Effects due to the measure of recidivism and the type of intervention. The results of the meta-analysis exhibited a non significant positive mean effect in the ORs for the Duluth Model treatment type (k = 24), δ = 0.41, 90% CI [-0.09, 0.92]; a non significant positive mean effect for the CBT programmes (k = 5), δ = 0.47, 90% CI [-0.20, 1.14]; and a significant positive mean effect and a moderate size for the OTI (k = 4), δ = 0.52, 90% CI [0.29, 0.75]. As the effect sizes were not significant for the Duluth Model or the CBT programmes, but were approximately a medium size, they were contrasted with a null effect. Counternull effect size was 0.82 for the Duluth Model, that is, data suggested that the probability of the null effect for the Duluth Model in reducing recidivism was equal to a 38% efficacy rate. As for the CBT programmes, a EScounternull= 0.94 supported as much a null effect as a 42% success rate. In the measure of recidivism based on CRs the results found a non significant positive mean treatment effect of the Duluth Model (k = 5), δ = 0.12, 90% CI [-0.06, 0.30]; a non significant positive mean effect of the CBT programmes (k = 3), δ = 0.18, 90% CI [-0.08, 0.44]; and a non significant negative mean effect of the OTI, (k = 5), δ = -0.06, 90% CI [-0.81, 0.69]. In other words, treatment may even have negative effects on recidivism rates reaching 37.5%.

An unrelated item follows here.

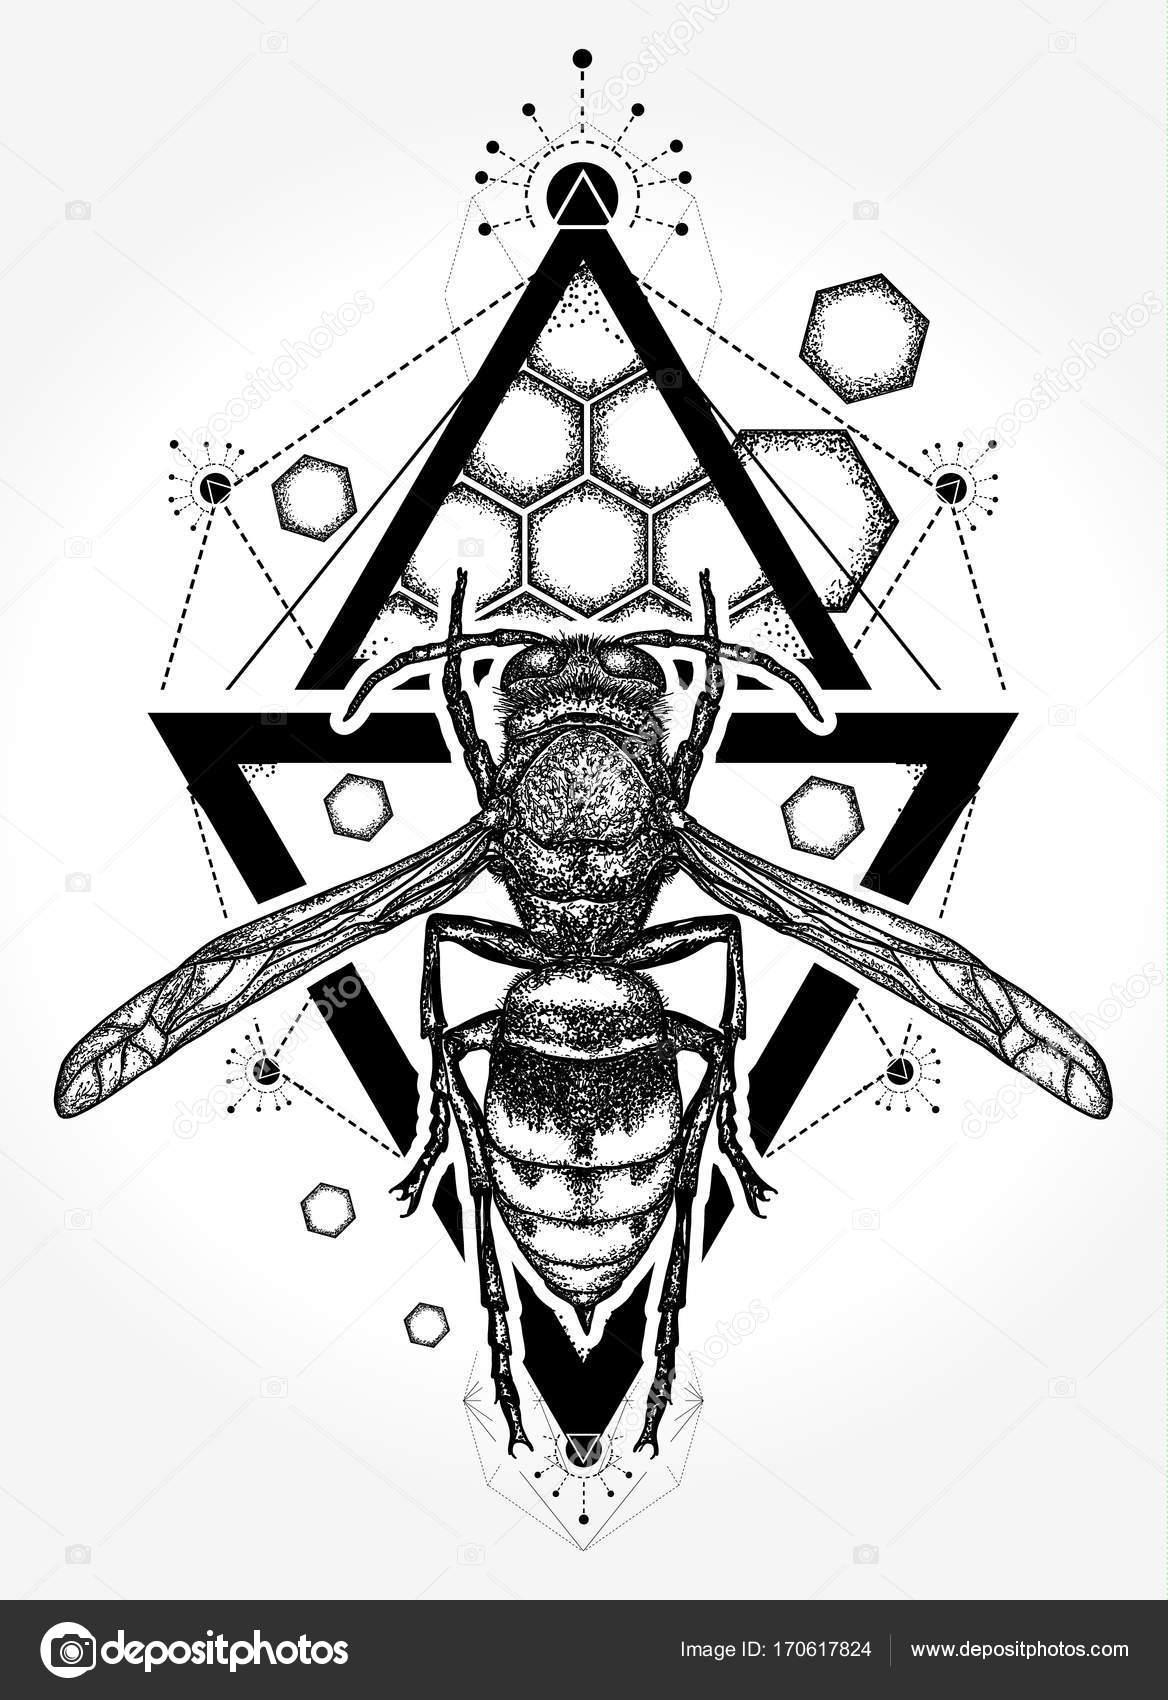 Bee tattoo and t shirt design symbol of freedom flight stock symbol of freedom flight stock vector biocorpaavc

Effects due to the measure of recidivism and the duration of the intervention. The measure of recidivism based on ORs in the brief interventions had a non significant positive weighted mean effect (k = 14), δ = 0.18, 90% CI [-0.58, 0.94]; and long-term programmes had a statistically significant weighted mean positive effect (k = 19), δ = 0.49, 90% CI [0.05, .93), i.e., a medium positive effect size.

The treatment effects as measured by CRs in brief interventions had a non significant weighted mean positive effect (k = 6), δ = 0.16, 90% CI [-0.07, 0.39]; long-term treatment programmes had a non significant weighted mean positive effect (k = 5), δ = 0.14, 90% CI [-0.09, 0.37].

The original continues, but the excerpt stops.